Following our previous blog on “Changing the way we think about safe patient care”, we’ve been seeing many different discussions on change and how it’s managed; in both healthcare and other industries.
Charles Vincent, Health Foundation Professorial Fellow and Professor of Psychology at the University of Oxford, gives an interesting view, “More care is now being delivered in patients’ homes and patients and carers are taking on many tasks formerly carried out by professionals. We will shortly be trying to achieve similar standards of safety with a largely untrained workforce (patients and their carers) in settings not designed for health care and with almost no effective oversight or supervision. This may prove challenging. “
Sidney Dekker agrees that the patient must come first when considering safety. Recognising that many healthcare professionals work in a ‘blame culture’, where highlighting mistakes is not acceptable he believes we should be making system improvements so safety is more likely, with the key to achieving this is to create an organisation culture with ‘forward looking accountability’. This is even more necessary when patients are not always in the ‘safe’ hospital environment.
So how do we develop strategies and products that change the way we think about safe patient care – wherever that patient may be? Professor Vincent continues, “That’s why we argue that the health care of the future will require a new vision of patient safety necessarily focused on the patient and their environment more than on professionals and the hospital environment. “
Change can be uncomfortable. Lindsay Rogers, MD of creative content agency, Chello gives a great perspective on seeing change as disruption, writing, “It is a new world we operate in, where disruption is the only constant, and curiosity is a mandatory for navigating the future of technology, and indeed communications”.
Marc Resnick expands how curiosity and human factors can impact strategy and products. “The implications to many human factors domains is hard to deny. There are some work activities where we want to minimize creativity because the most effective process is well known and described. There are also some where we want to maximize creativity and insight. And of course many in between. Either way, the more we know about it, the better.”

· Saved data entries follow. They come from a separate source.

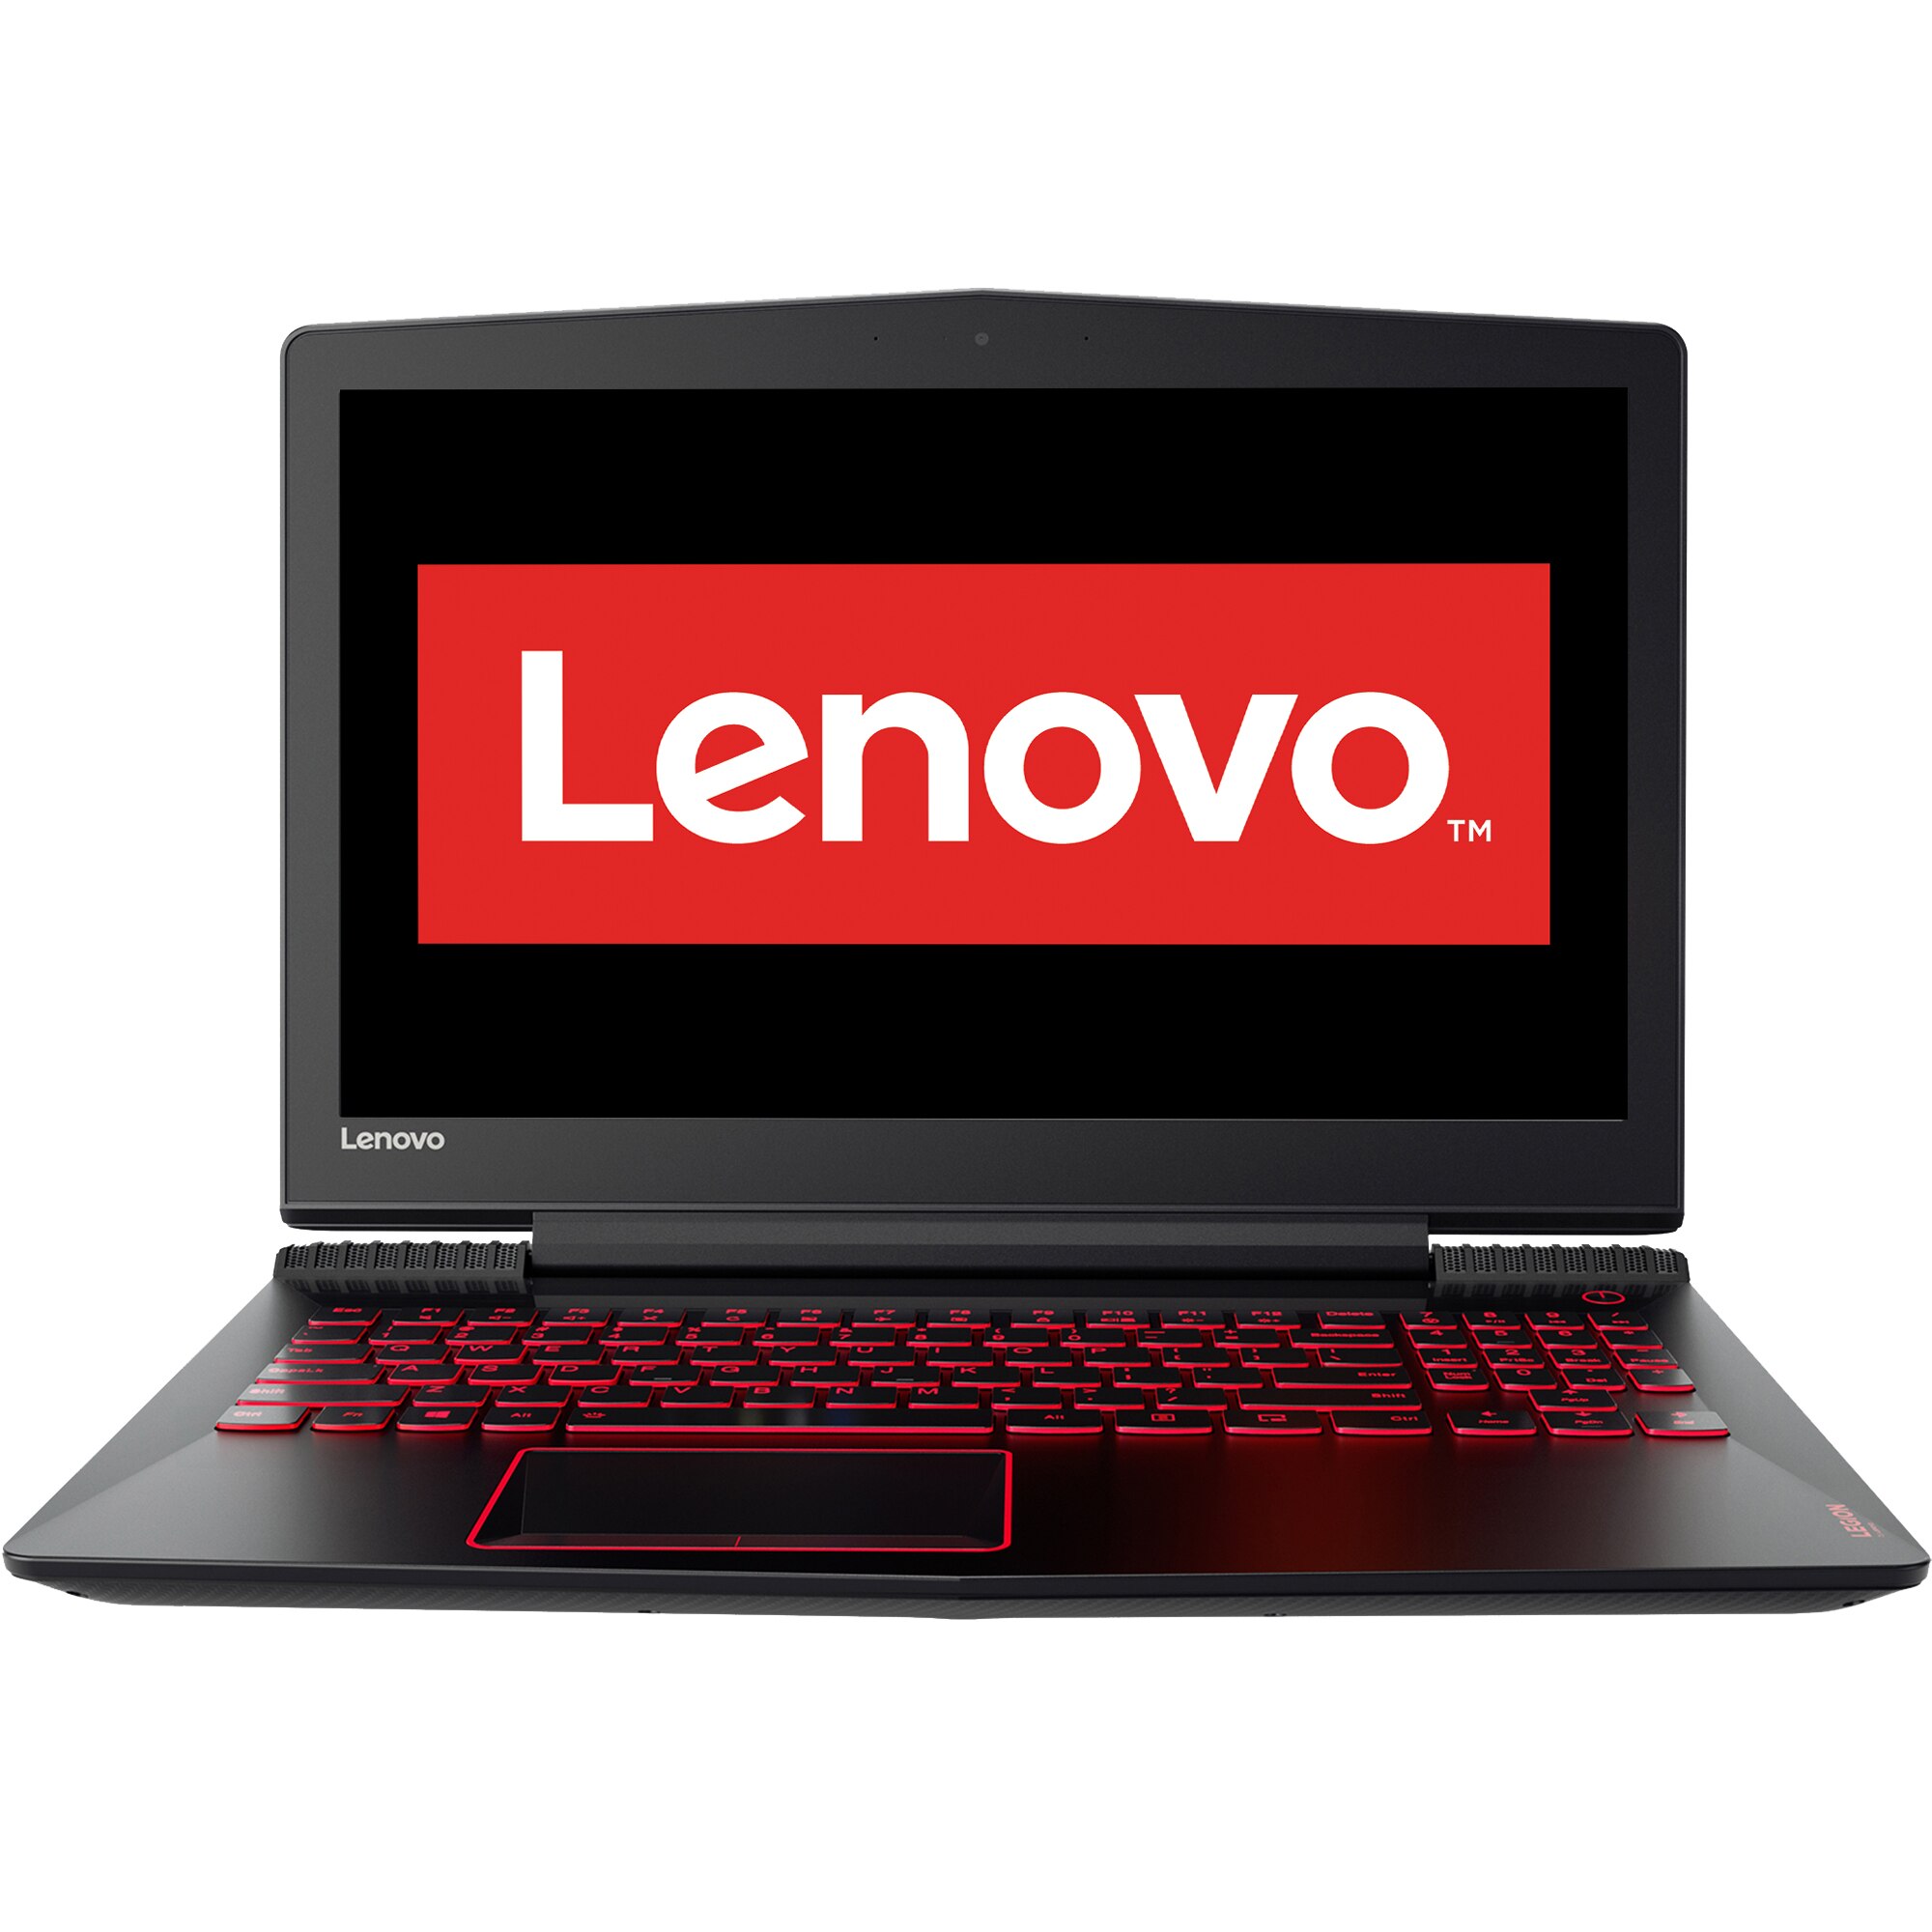 Fotografie Laptop Gaming Lenovo Legion Y520-15IKBN cu procesor Intel® Core® i7-7700HQ 2.80GHz, Kaby Lake™, 15.6", Full HD, IPS, 8GB, 1TB, nVIDIA GeForce GTX 1050 Ti 4GB, Free DOS, Black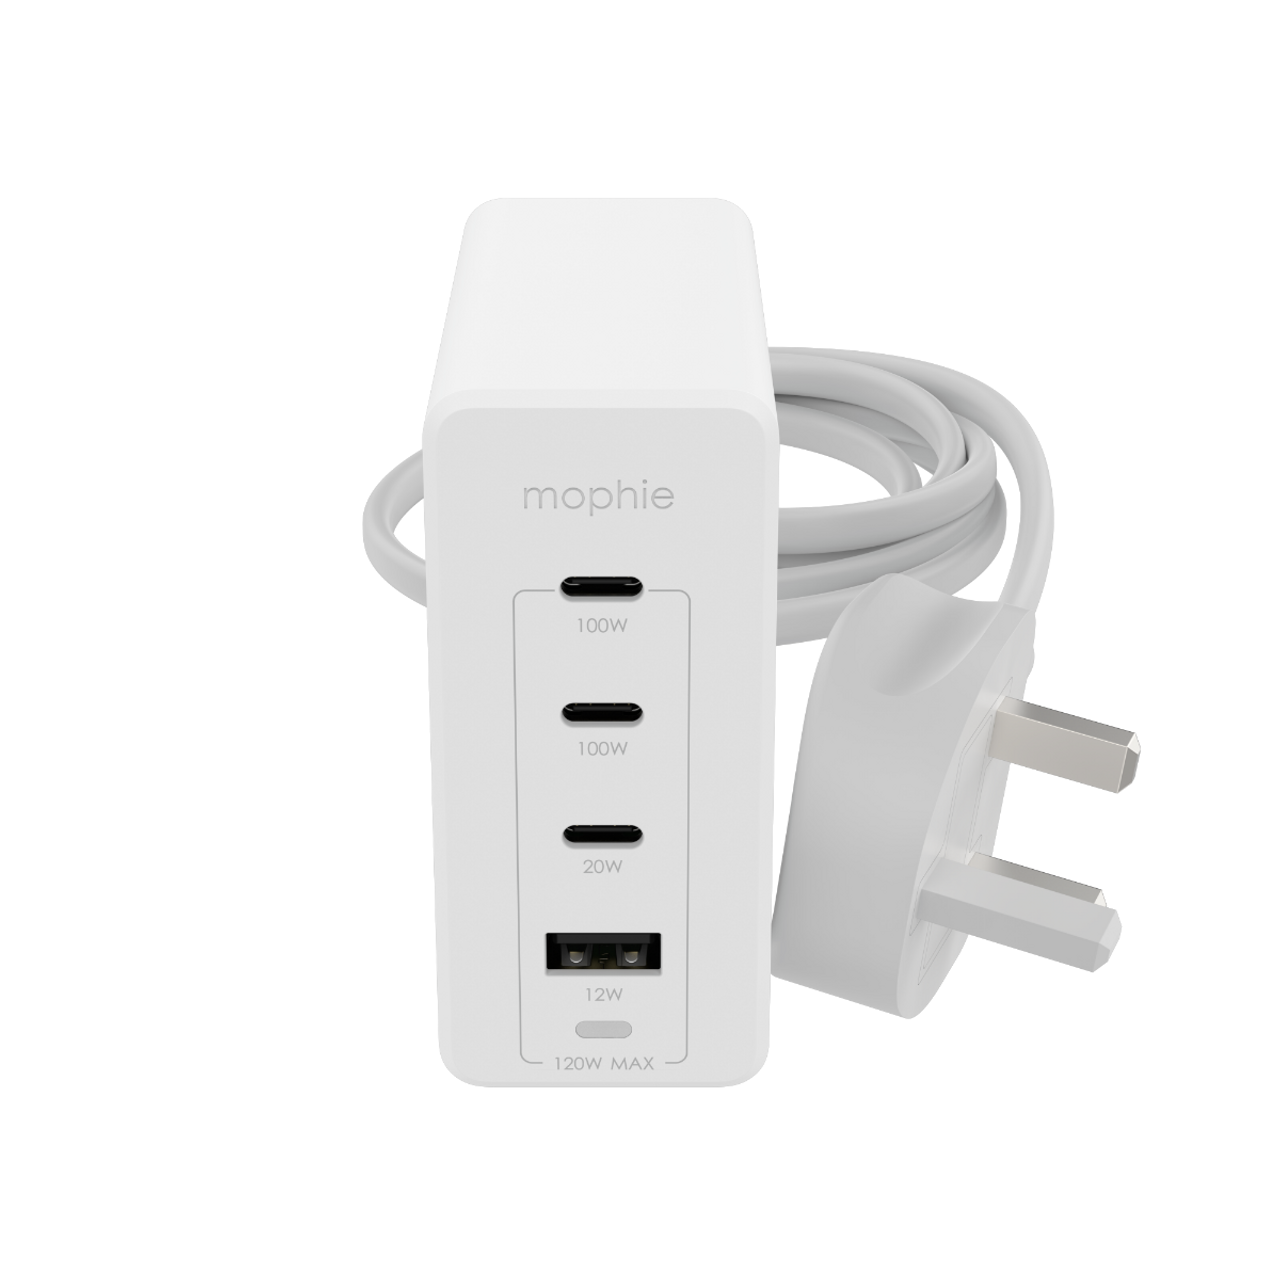 mophie speedport 30 1-port GaN wall charger (30W) - Apple (IE)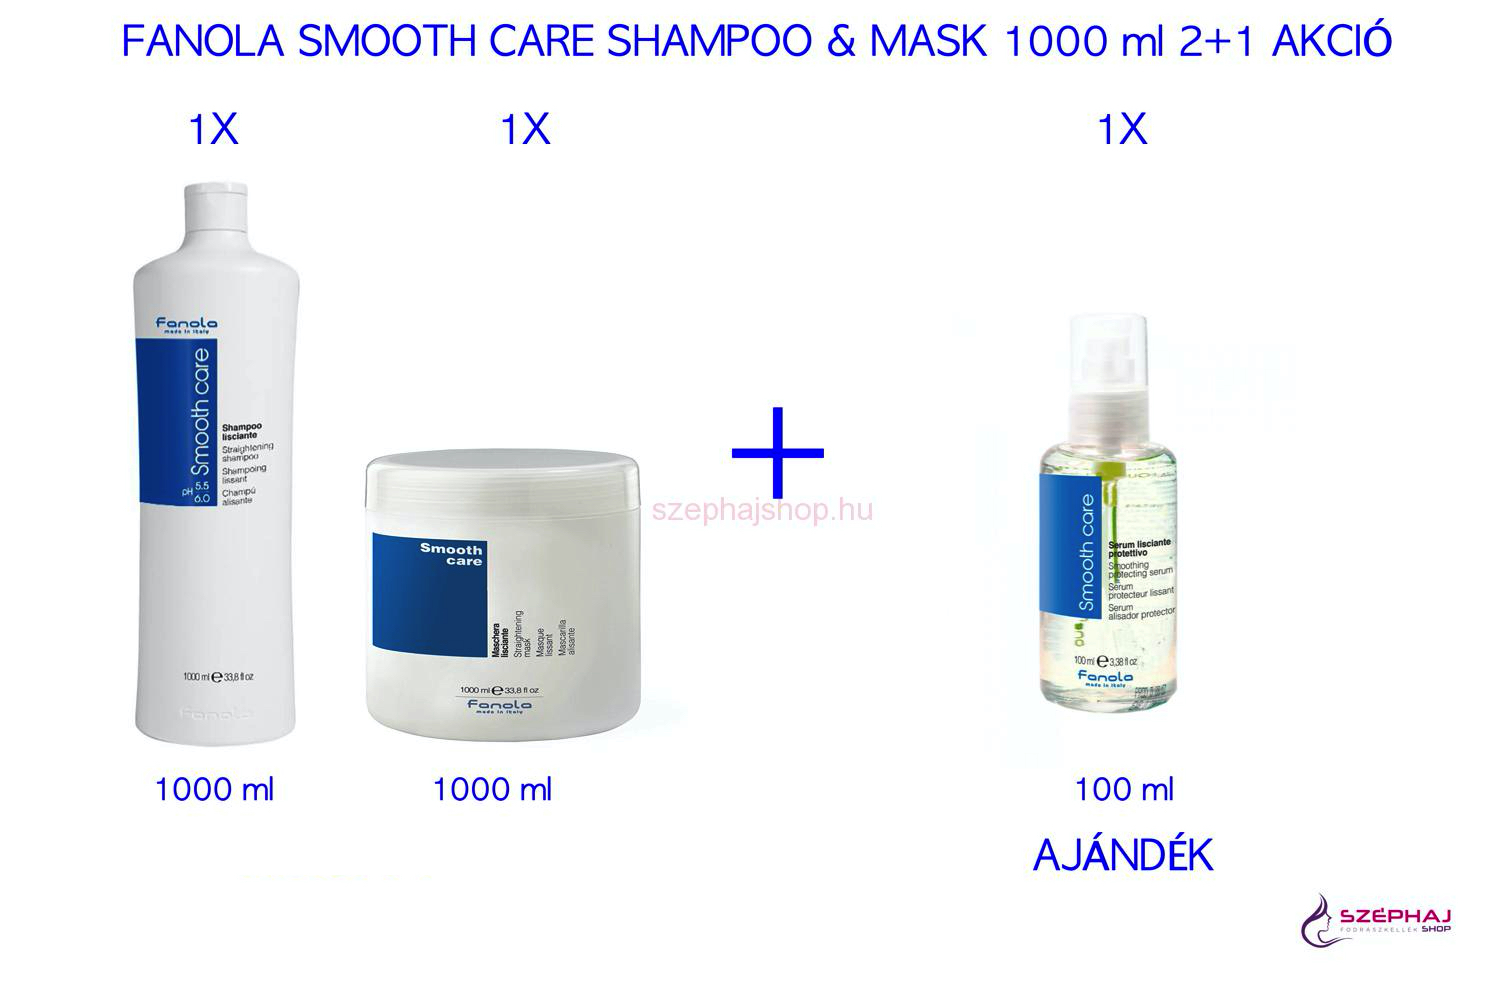 FANOLA Smooth Care Shampoo & Mask 1000 ml 2+1 AKCIÓ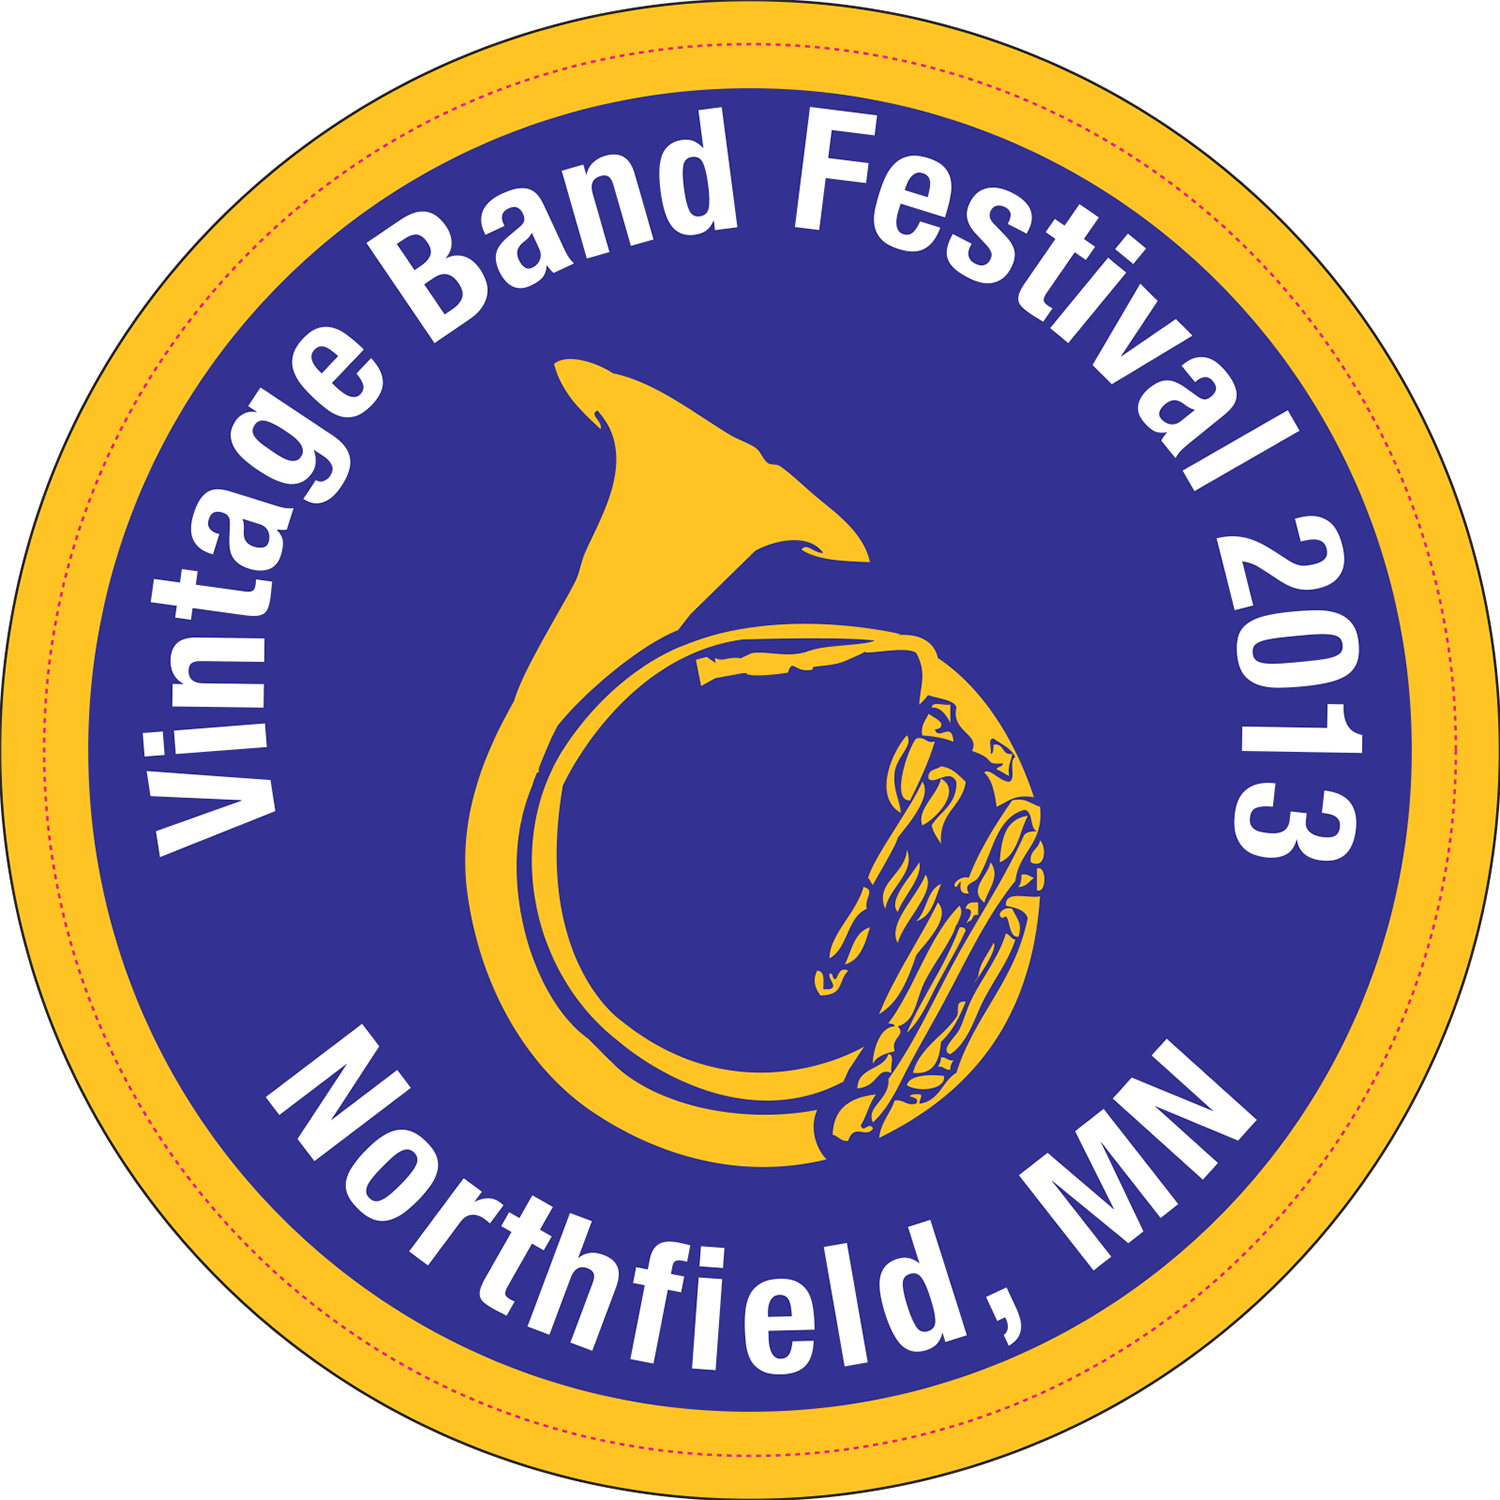 Vintage Band Festival logo

The way we look at it at Phil-e-Slide is that curiosity is good. It makes us think. The Biotechsis® inbed care system and the forthcoming iSlide have developed from us being curious and answering questions such as:
• What does the patient want?
• Can the nurse / carer’s job be made easier with less physical impact?
• How the user’s experience be improved?
• How can we improve bed surface technology?
• Why do we use many products for different functions – could they be combined into a multifunctional system?
• How can we make sure this product is used the right way each time?
• Can they be used easily by professionals and home carers?